-
Notifications
You must be signed in to change notification settings - Fork 42
Description
Feature Description
Add first-class support for models that produce multiple output tensors (e.g., YOLO/SSD/EfficientDet with separate heads or multi-scale outputs).
Problem Statement
Right now Zant assumes a single output tensor at inference time. This limits us to models where post-processing expects one tensor. Many object-detection architectures emit several tensors (boxes, scores, classes; or multi-scale feature maps).
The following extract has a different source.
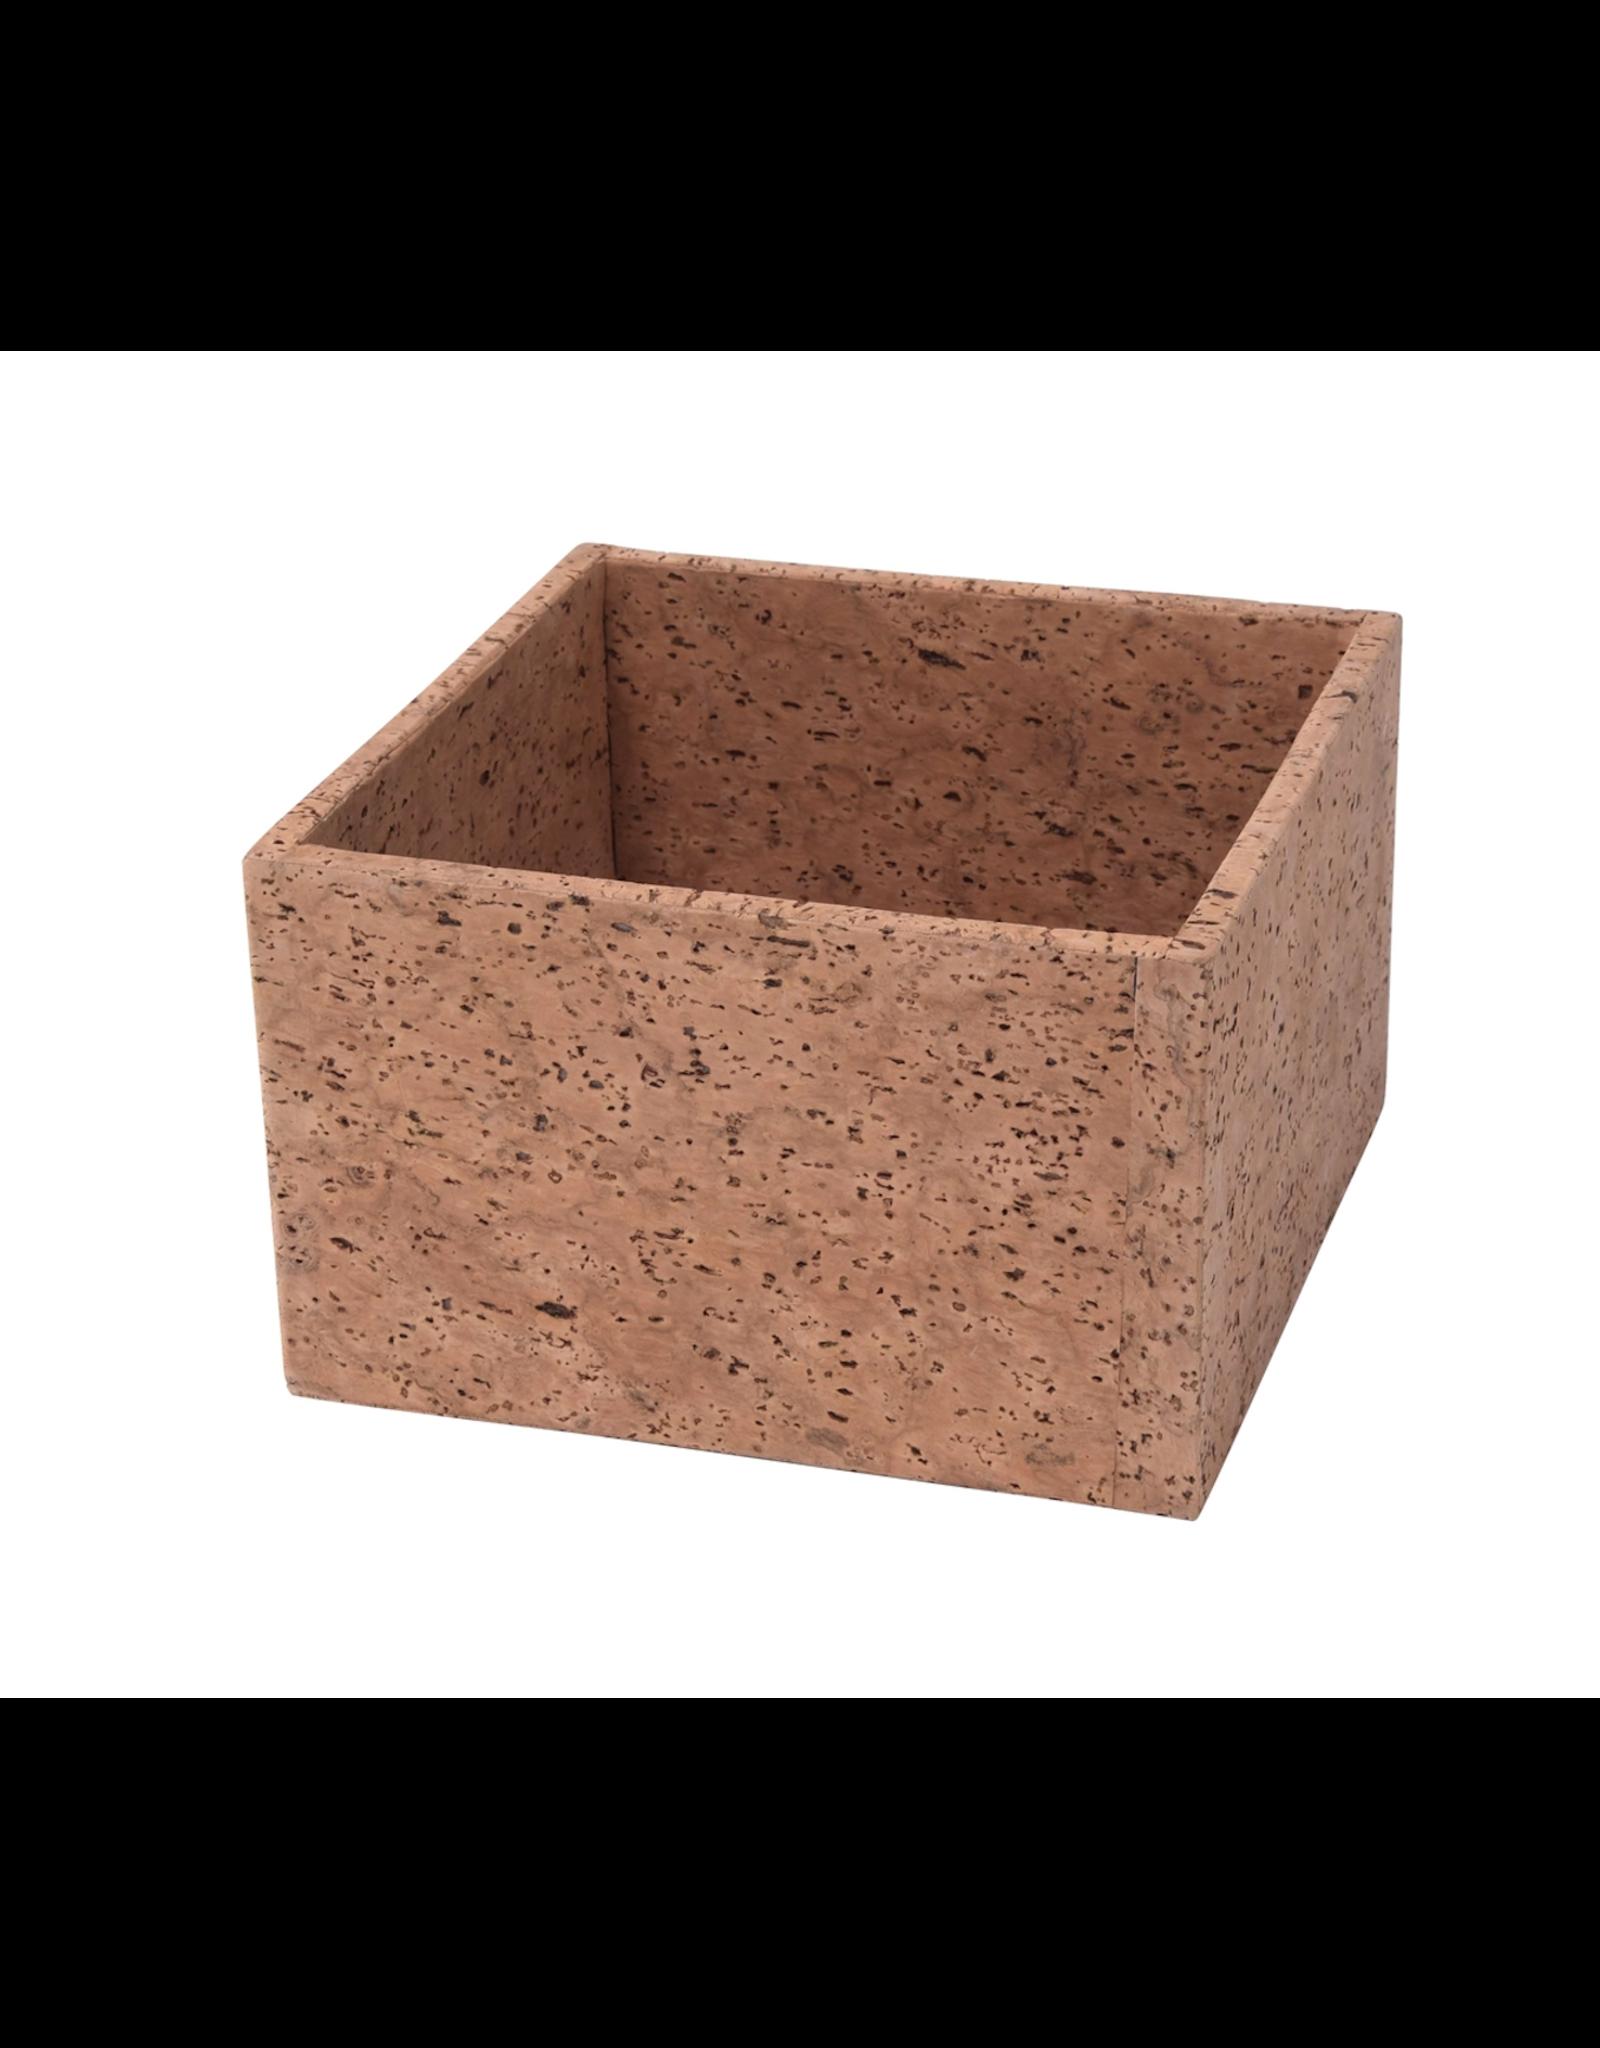 BIDK Cork Square Box

Without multi-output support, these models can’t be deployed cleanly, require ad-hoc graph surgery, or force lossy concatenation that breaks memory/layout assumptions.
Suggested Solution
-
Runtime API: Extend inference to return N outputs with metadata.
- Zig: return
[]Tensor(slice) or a struct{ tensors: []Tensor, names: [][]const u8 }. - C FFI: expose an array of buffers + shapes + dtypes + names; keep single-output API for backward compatibility.
- Zig: return
-
Codegen: Parse ONNX graph outputs in order, preserve names and shapes, and emit a static descriptor for each output so we can pre-plan memory.
-
Memory model: Allow either (a) separate buffers per output, or (b) one contiguous arena with offsets per output for embedded targets; pick via a codegen flag.
-
Post-processing hooks: Let users map outputs by name or index to their post-proc (e.g., NMS) without manual tensor reshaping.
-
Validation: Add tests with a toy model that emits two outputs (e.g., logits + aux) and a small YOLO-like graph (multi-scale heads).
Additional Context
Common cases: YOLOv5/8/11, SSD, BlazeFace/MediaPipe models produce multiple heads. Multi-output support will unblock a broad class of detection models and reduce custom forks/workarounds on embedded targets. Backward compatibility: keep the current single-tensor path; if a model has one output nothing changes.